Dataset excerpt
..............................
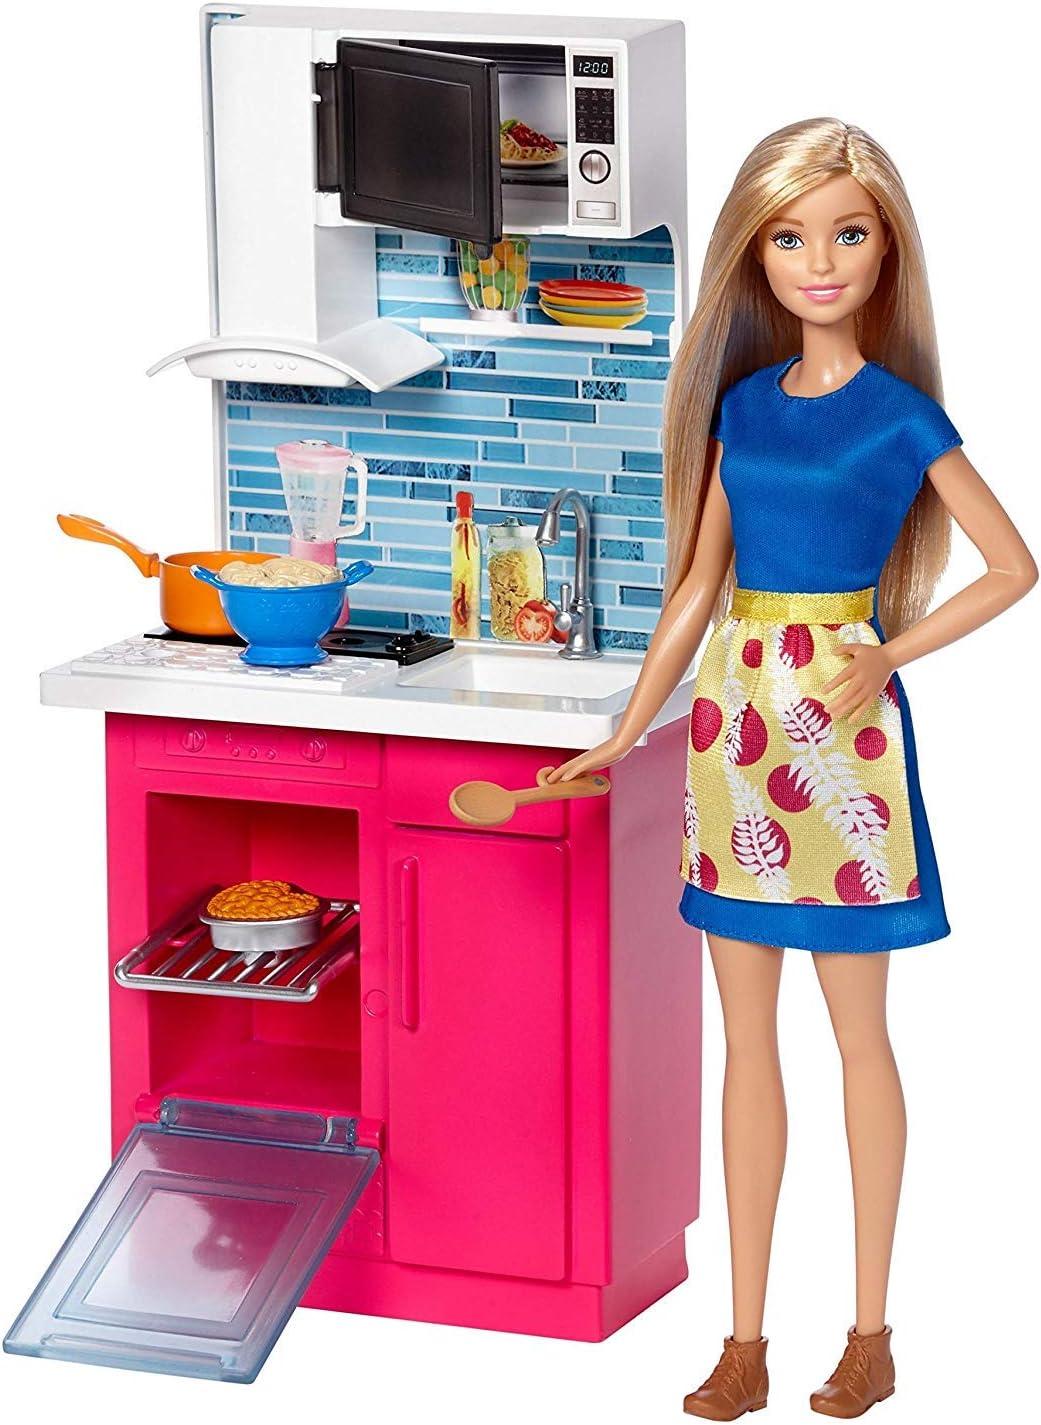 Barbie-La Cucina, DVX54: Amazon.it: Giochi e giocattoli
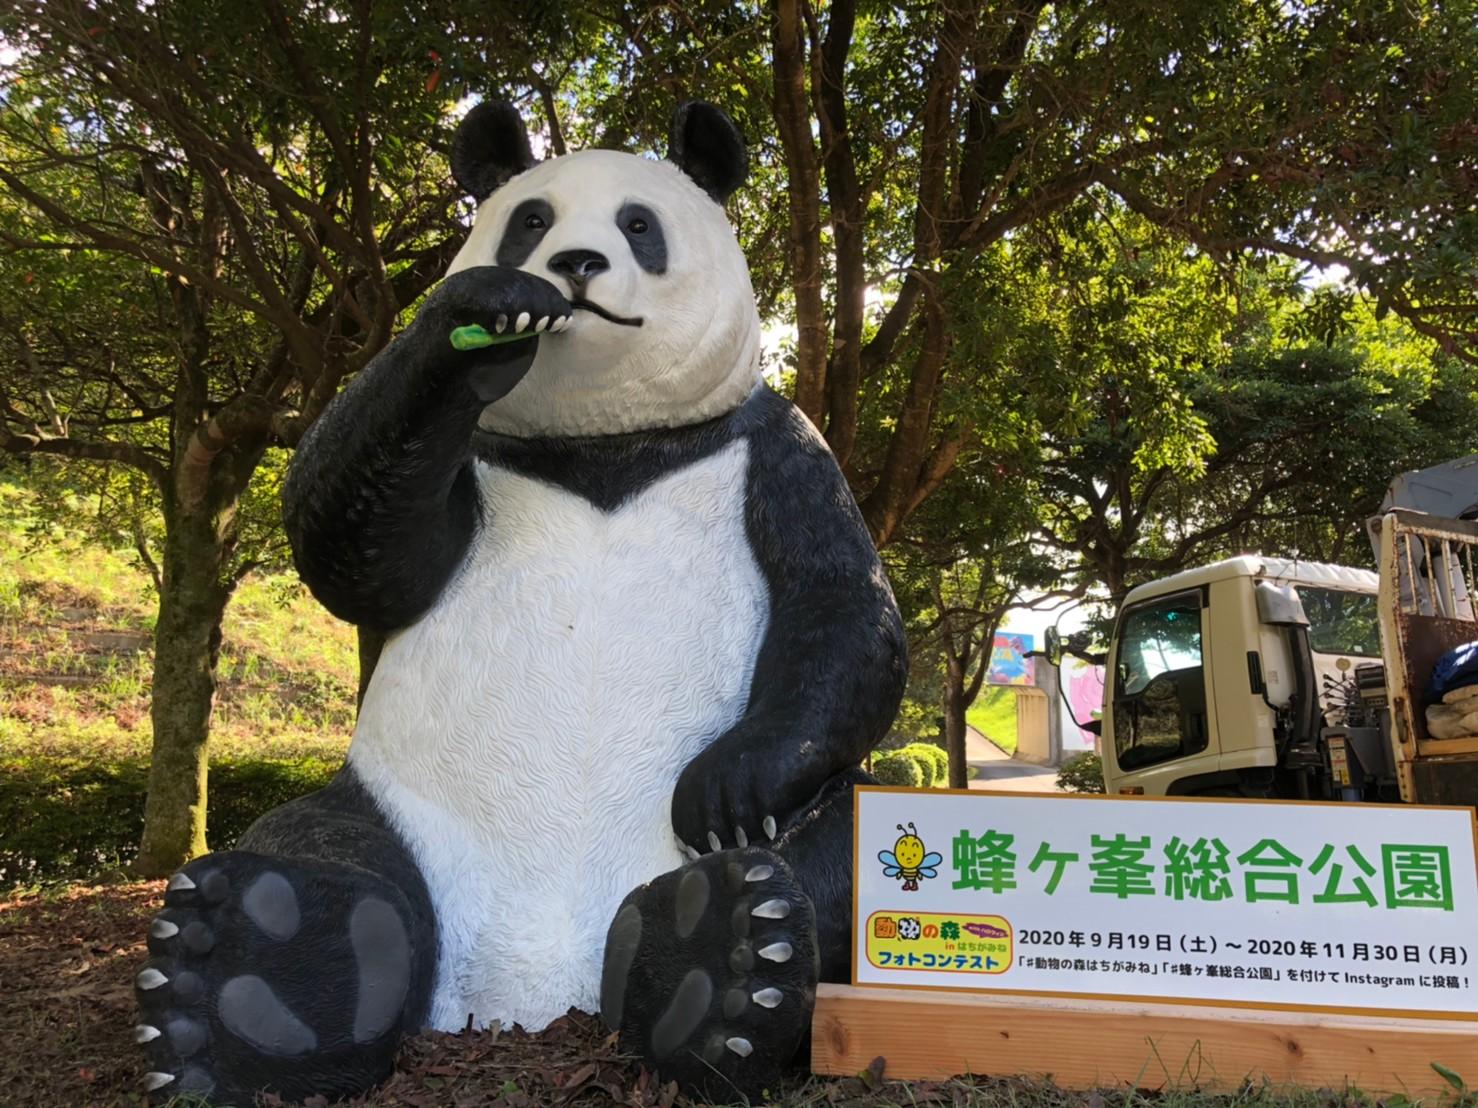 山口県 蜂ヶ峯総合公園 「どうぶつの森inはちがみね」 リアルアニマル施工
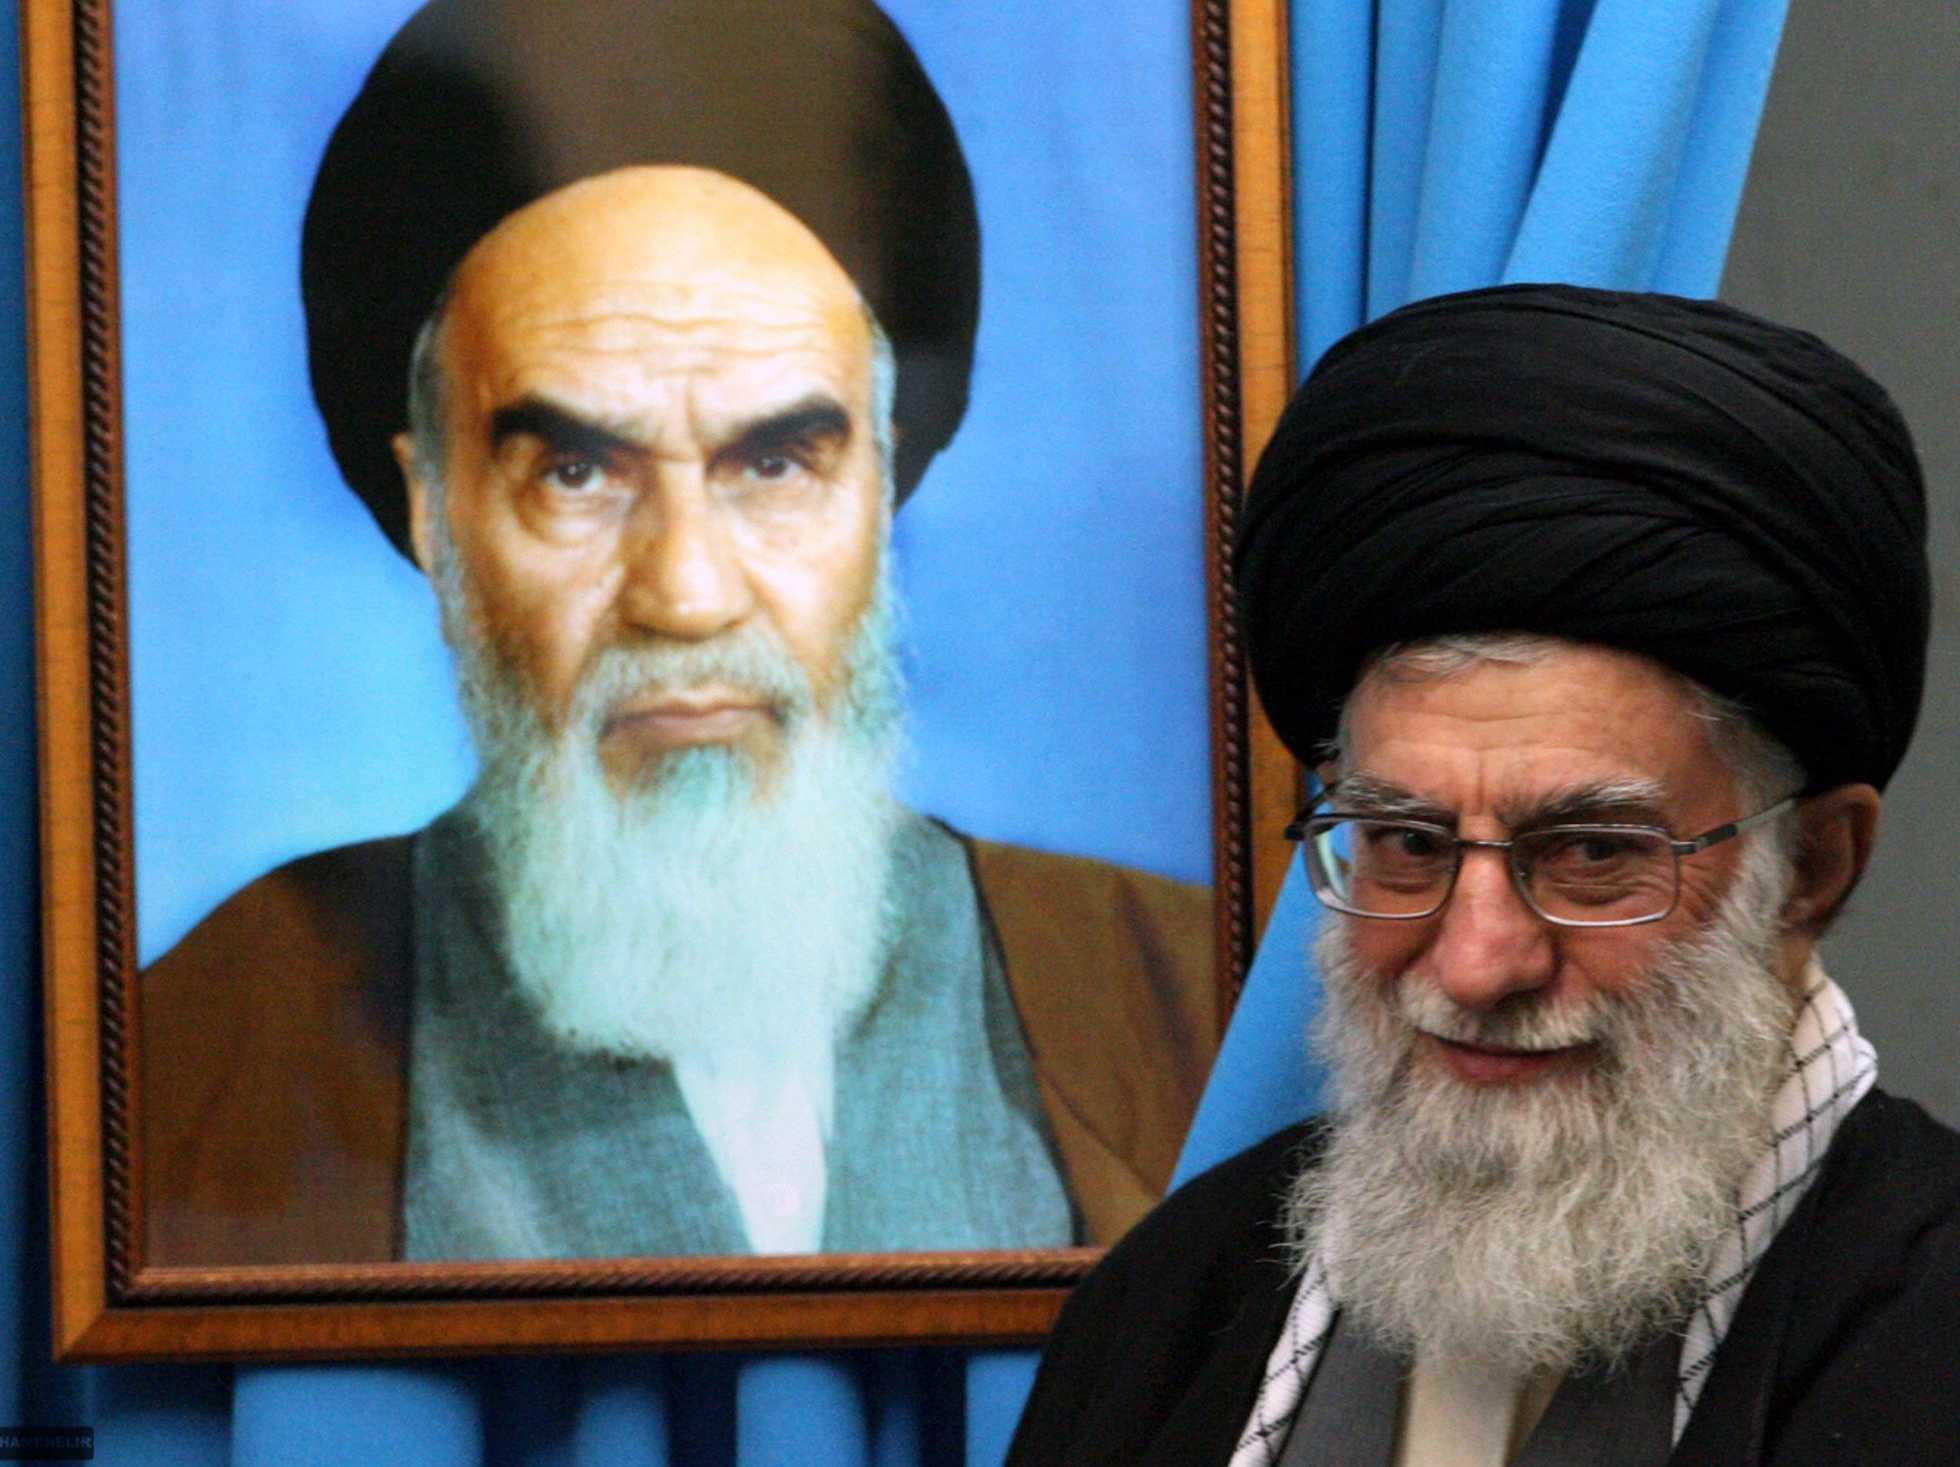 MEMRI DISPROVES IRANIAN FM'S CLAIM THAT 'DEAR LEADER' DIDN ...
..............................
Aim of the exercise
Your job is to restate, word for word, only the lines from the one holding "山口県 蜂ヶ峯総合公園 「どうぶつの森inはちがみね」 リアルアニマル施工" through the end of the material; pictures stay out.

Output of the task
 山口県 蜂ヶ峯総合公園 「どうぶつの森inはちがみね」 リアルアニマル施工
 MEMRI DISPROVES IRANIAN FM'S CLAIM THAT 'DEAR LEADER' DIDN ...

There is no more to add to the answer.